Мы ждем. Молчим, напряженно прислушиваемся, но вот доносится скрип гальки. Полковник садится к костру, Ольга Феодосьевна подает ему чашку с чаем, полковник делает глоток-другой, говорит, что уложил этот взрывоопасный «кувшинчик» в кустах, в глубокой яме, что завтра утром привезет сюда саперов, чтобы подорвать его. Чай вдруг выплескивается из чашки в его вздрогнувшей руке. Полковник смеется. И мы смеемся. «Дерг! Дерг!» — возобновляет свою незамысловатую песенку коростель. Луна выкатывается из-за черных куп деревьев. Чьи-то неясные зыбкие тени вихрятся над графскими развалинами, безголовый бог шевелит каменными, прижатыми к каменному туловищу руками.
— Оля, нам надо срочно отправиться в домик Канта, — вдруг говорит молчавший весь вечер профессор Калинников и поднимается. — Едем! Ведь мы не осмотрели весь дом до конца. Почему мы все же не слазали на чердак?
Едем. Серебряная лента шоссе опять бросается под колеса. По окружной дороге выкатываемся на бывшую Юдиттер Аллее, останавливаемся у домика лесничего Вобзера, в окнах которого еще горит свет. Женщина в черном открывает, кланяется, не выказывая какого-либо удивления нашему столь позднему визиту. Крепко пахнет щами, сохнущими у печек портянками и носками, луком и мужским потом. Из комнат доносится мощный храп. Чья-то русая голова виднеется на подушке в синей наволочке. Леонард Александрович подставляет лестницу к мизерному лазу, поднимается по ней, вздымает крышку лаза и скрывается в темноте чердака. Выглядывает, просит дать спички или свечу. Женщина в черном подает свечу и спички. На чердаке зажигается свет. Слышится смех. Я лезу по лестнице, заглядываю на чердак — профессор стоит на коленях перед огромным, черного дерева, с железными полосами, сундуком. Характерный, тот же, что на фотографии, рисунок! Правда, кожи нет, лишь кое-где виднеются черные клочки, ее срезали, но сундук уцелел! Но как же так? Как он очутился тут? Профессор показывает на другой, обширный лаз, через который поднимались на чердак по винтовой лестнице, но когда к балкам подшивали новый потолок, забили и лаз. И сделали маленький. А сундук уже был поднят на чердак, так он тут и остался. Конечно, он пуст, ни единой бумажки, но какая находка: сундук Иммануила Канта!
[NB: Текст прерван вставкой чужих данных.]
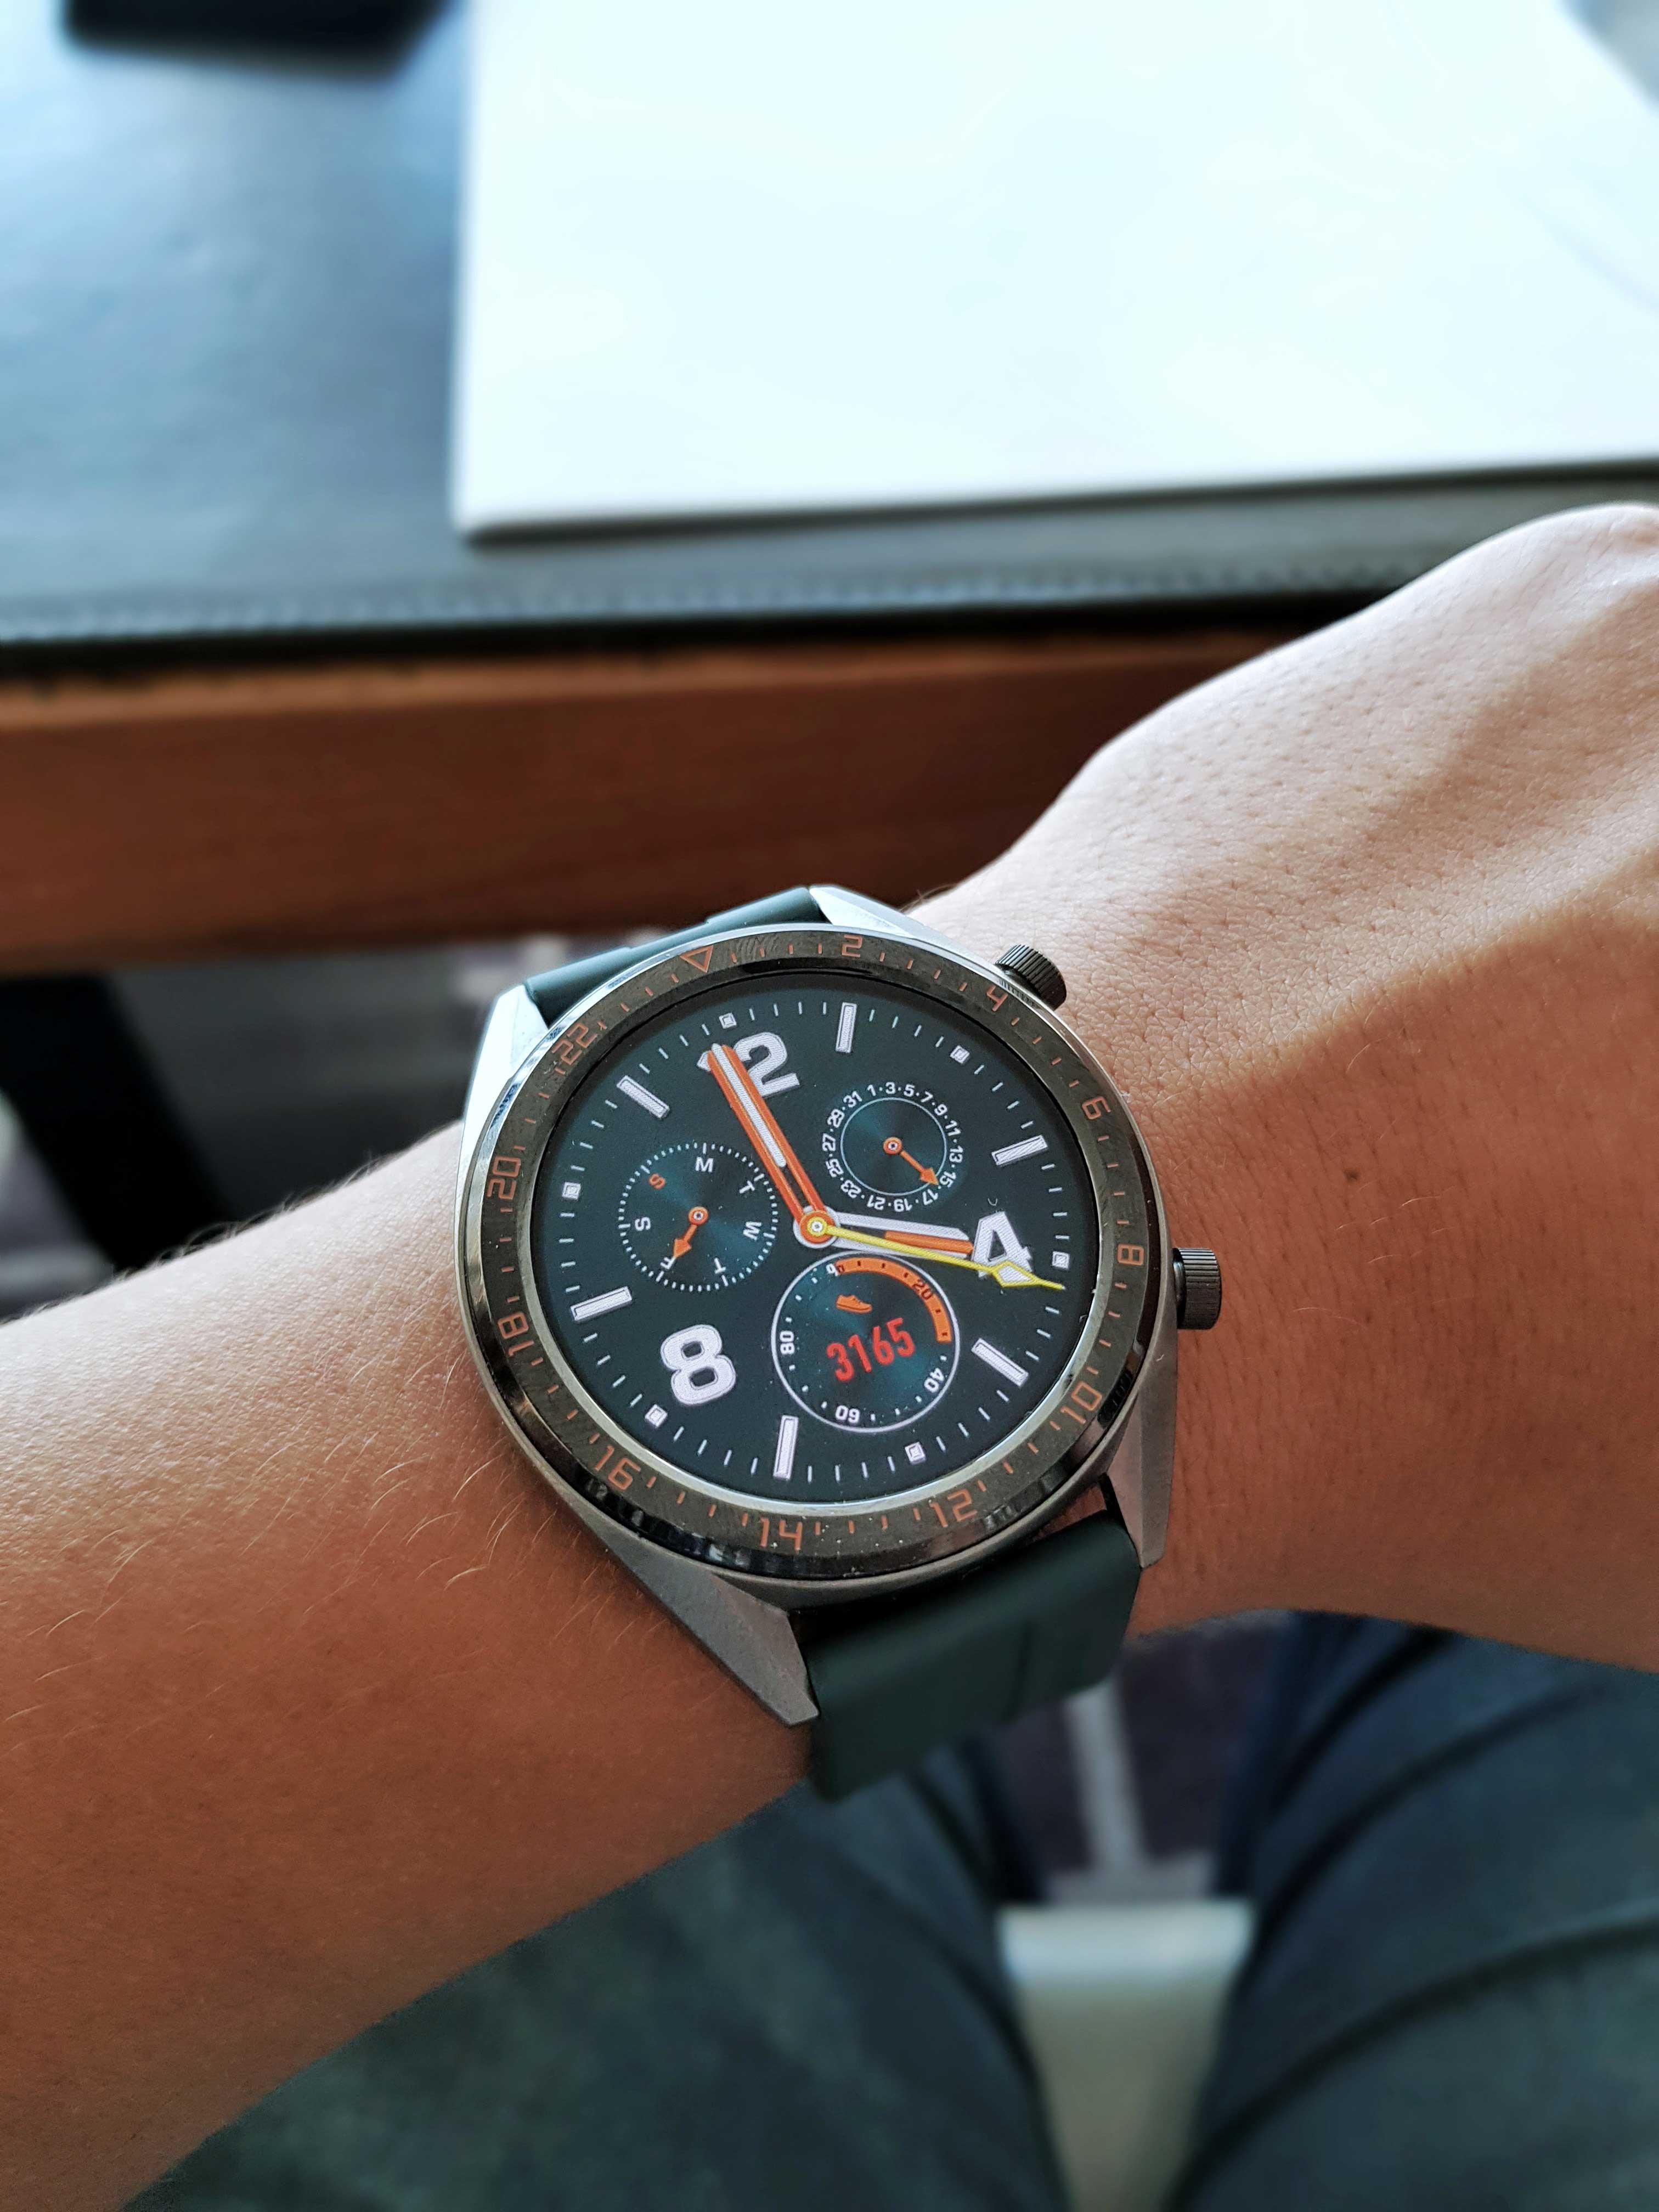 Ciddi batarya ile Huawei Watch GT Active spor saati Brezilya'ya ulaştı 2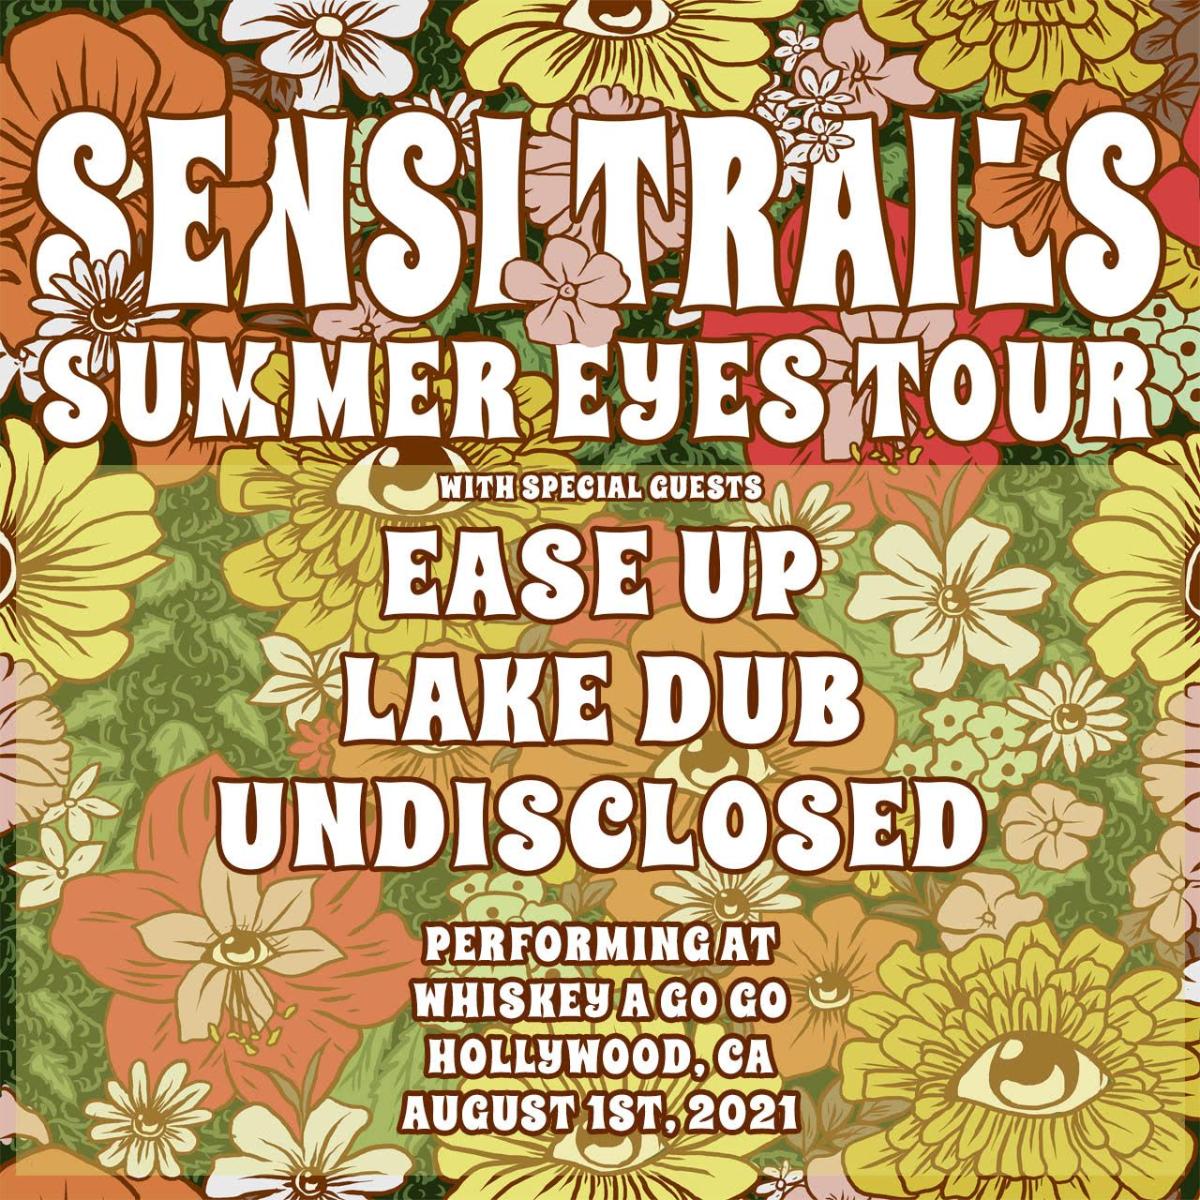 Sensi Trails, Ease Up, Lake Dub, Undisclosed

…«Графиня скакала на белом коне, оранжевый шарф развевался…»
Из горбатой старенькой машины марки «Ситроен» выходит худенькая, вся будто высушенная временем седая старушка. Простенькая кофточка, брючки, на шее розовый шарфик — тут Ольга Феодосьевна совершенно не ошиблась — доброе, усталое лицо, добрая, приветливая улыбка, маленькая, но крепкая рука. Ее племянник Герман, широкоплечий, могучий, баскетбольного роста красивый молодой мужчина, сидит за рулем. Машина такая маленькая, что он, раз в нее втиснувшись, старается подольше не вылезать. Помните индуса, который впихивался в стеклянный ящик, — его показывали по телевидению? Из ящика тот индус вылезал через пять минут, а вот в этой железной коробке графиня и Герман 1600 километров проехали! Втроем. Они — на передних сиденьях, Иммануил Кант — на заднем. Замечательный, бронзовый, со шляпой в руке, уменьшенная копия памятника, изваянного Христианом Даниелем Раухом и установленного в Кенигсберге 18 октября 1864 года. Эту великолепную копию графиня отлила на свои деньги, премию имени Гейне, которую она получила в Дюссельдорфе за свою журналистскую деятельность.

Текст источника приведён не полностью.